Video Editing

AI-assisted editing for real footage. Not generation from prompts. Editing existing video fast.

When to Activate

User wants to edit, cut, or structure video footage
Turning long recordings into short-form content
Building vlogs, tutorials, or demo videos from raw capture
Adding overlays, subtitles, music, or voiceover to existing video
Reframing video for different platforms (YouTube, TikTok, Instagram)
User says "edit video", "cut this footage", "make a vlog", or "video workflow"

Core Thesis

AI video editing is useful when you stop asking it to create the whole video and start using it to compress, structure, and augment real footage. The value is not generation. The value is compression.

The Pipeline

Screen Studio / raw footage
  → Claude / Codex
  → FFmpeg
  → Remotion
  → ElevenLabs / fal.ai
  → Descript or CapCut

Each layer has a specific job. Do not skip layers. Do not try to make one tool do everything.

Layer 1: Capture (Screen Studio / Raw Footage)

Collect the source material:

Screen Studio: polished screen recordings for app demos, coding sessions, browser workflows
Raw camera footage: vlog footage, interviews, event recordings
Desktop capture via VideoDB: session recording with real-time context (see videodb skill)

Output: raw files ready for organization.
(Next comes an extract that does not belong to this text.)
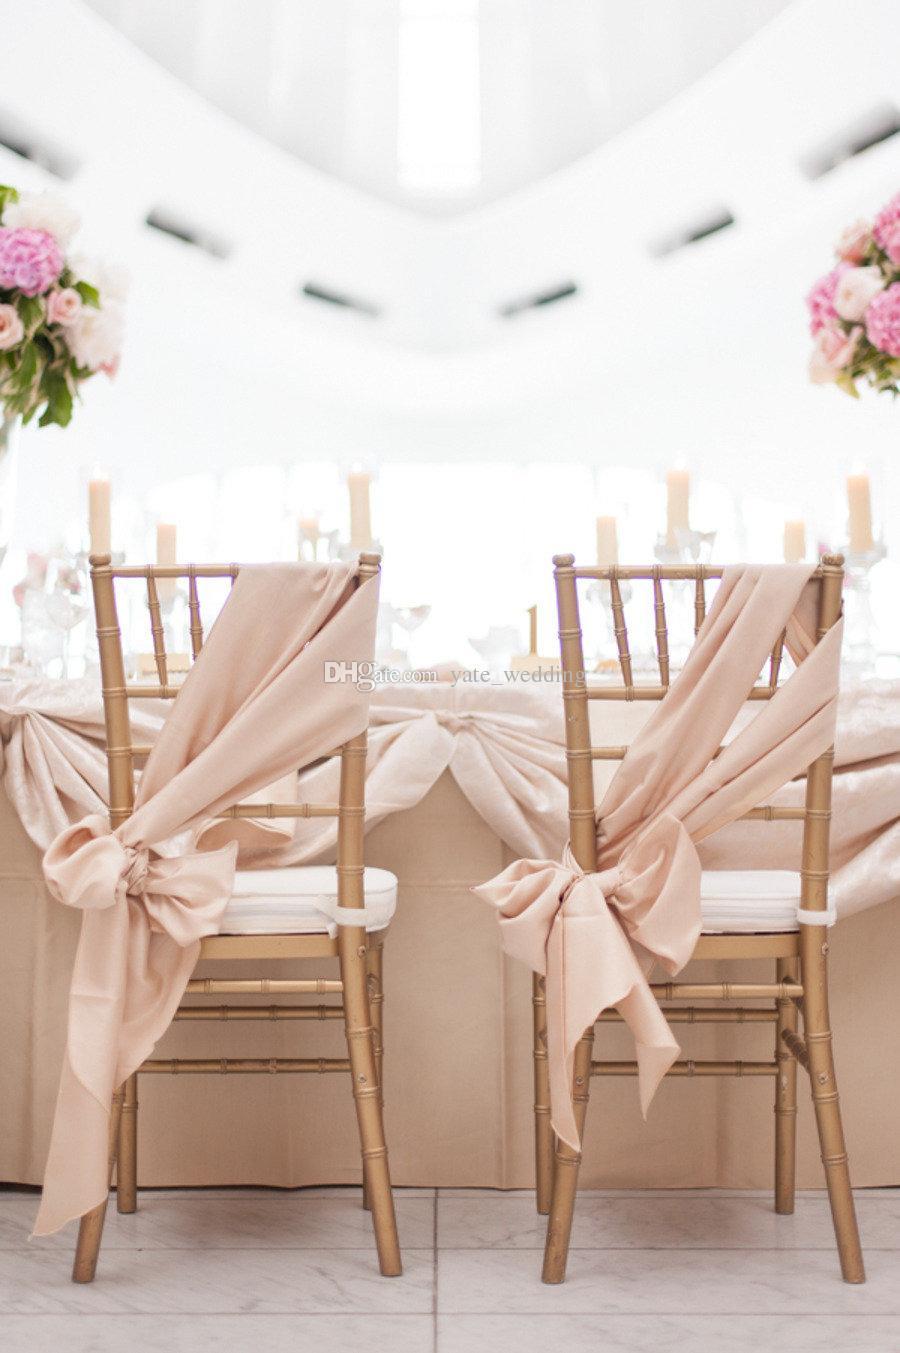 champagne chair sashes diy wedding chair decorations 200* 50cm

Layer 2: Organization (Claude / Codex)

Use Claude Code or Codex to:

Transcribe and label: generate transcript, identify topics and themes
Plan structure: decide what stays, what gets cut, what order works
Identify dead sections: find pauses, tangents, repeated takes
Generate edit decision list: timestamps for cuts, segments to keep
Scaffold FFmpeg and Remotion code: generate the commands and compositions

Example prompt:
"Here's the transcript of a 4-hour recording. Identify the 8 strongest segments
for a 24-minute vlog. Give me FFmpeg cut commands for each segment."

This layer is about structure, not final creative taste.

Layer 3: Deterministic Cuts (FFmpeg)

FFmpeg handles the boring but critical work: splitting, trimming, concatenating, and preprocessing.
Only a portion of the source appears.